When it's time to pack things up and go away, the main thread calls CFRunLoopStop() on the child thread's run-loop, at which point CFRunLoopRun() returns in the child thread, the child thread exits, and the main thread (which was blocking waiting for the child thread to exit) can continue.

This appears to work, but my question is: is this a safe/recommended way to do it? In particular, is calling CFRunLoopStop() from another thread liable to cause a race condition? Apple's documentation is silent on the subject, as far as I can tell.

If calling CFRunLoopStop() from the main thread is not the solution, what is a good solution? I know I could have the child thread call CFRunLoopRunInMode() and wake up every so often to check a boolean or something, but I'd prefer not to have the child thread do any polling if I can avoid it.

+1  A: 

In particular, is calling CFRunLoopStop() from another thread [safe]?

Here's what Run Loop Management says:

The functions in Core Foundation are generally thread-safe and can be called from any thread.

So maybe CFRunLoopStop is safe.
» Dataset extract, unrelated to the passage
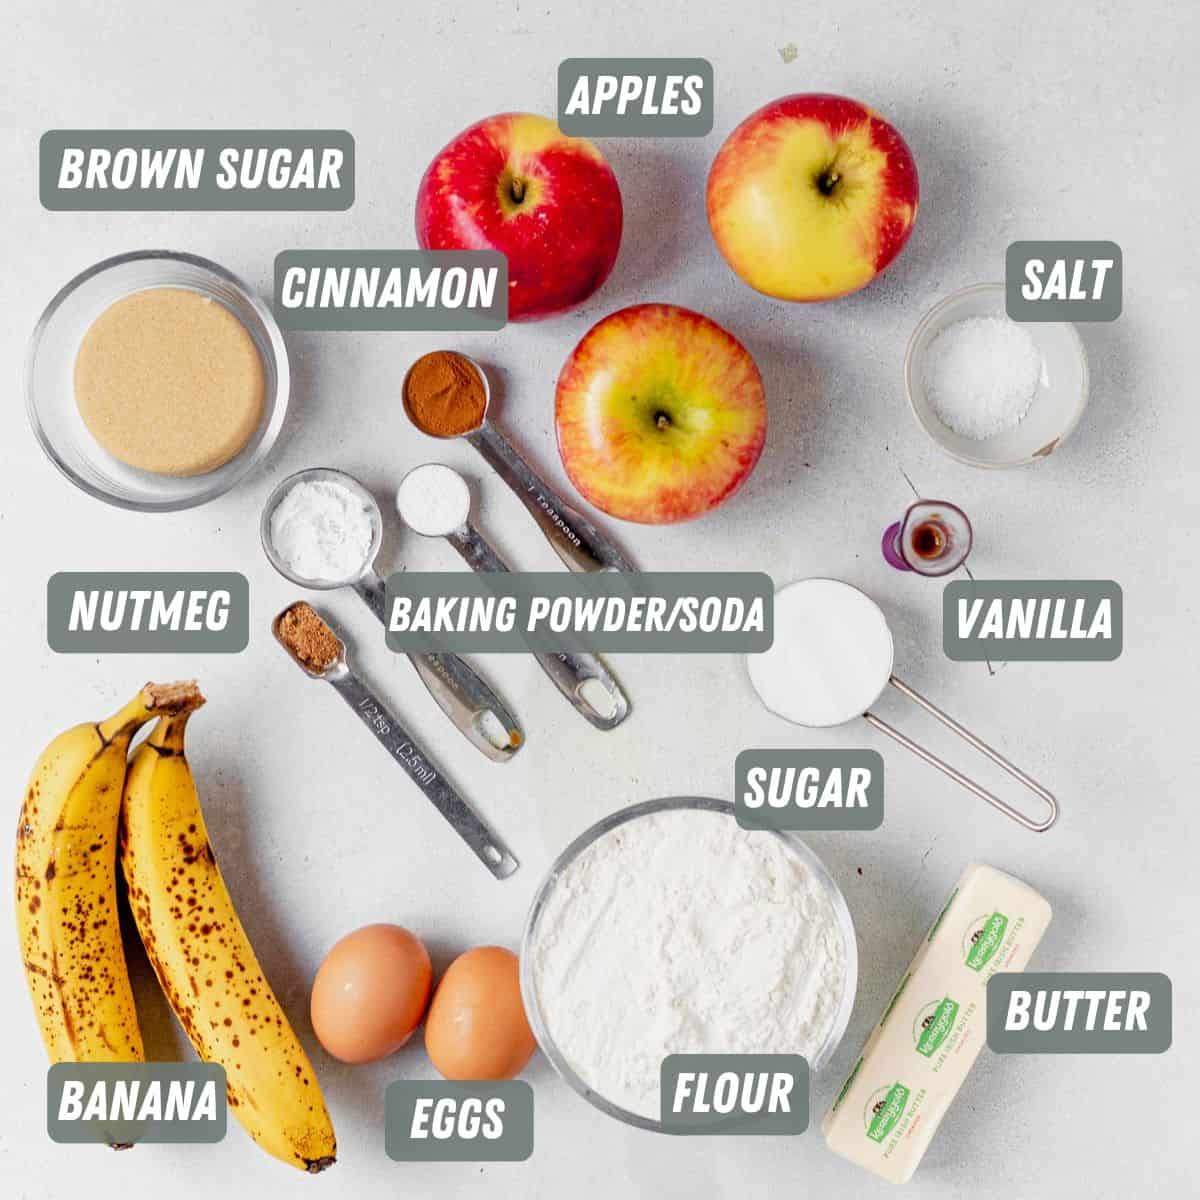 bananas, eggs, flour, butter, sugar, brown sugar, apples, cinnamon and leavens on a table

But I do worry about their use of the word “generally”. My rule is: If Apple doesn't say it's safe, you should assume it's not.

To err on the safe side, you might consider creating a run loop source, adding that to your run loop, and signaling that source when it's time to end the thread. That same document includes an example of a custom run loop source.

Peter Hosey
A: 

In the case of CFRunLoopStop - if it could only be called safely on the current run loop, then it would not be necessary to pass it a parameter indicating which run loop to stop.

The presence of the parameter is a strong indication that its ok to use it to stop run loops other than the current run loop.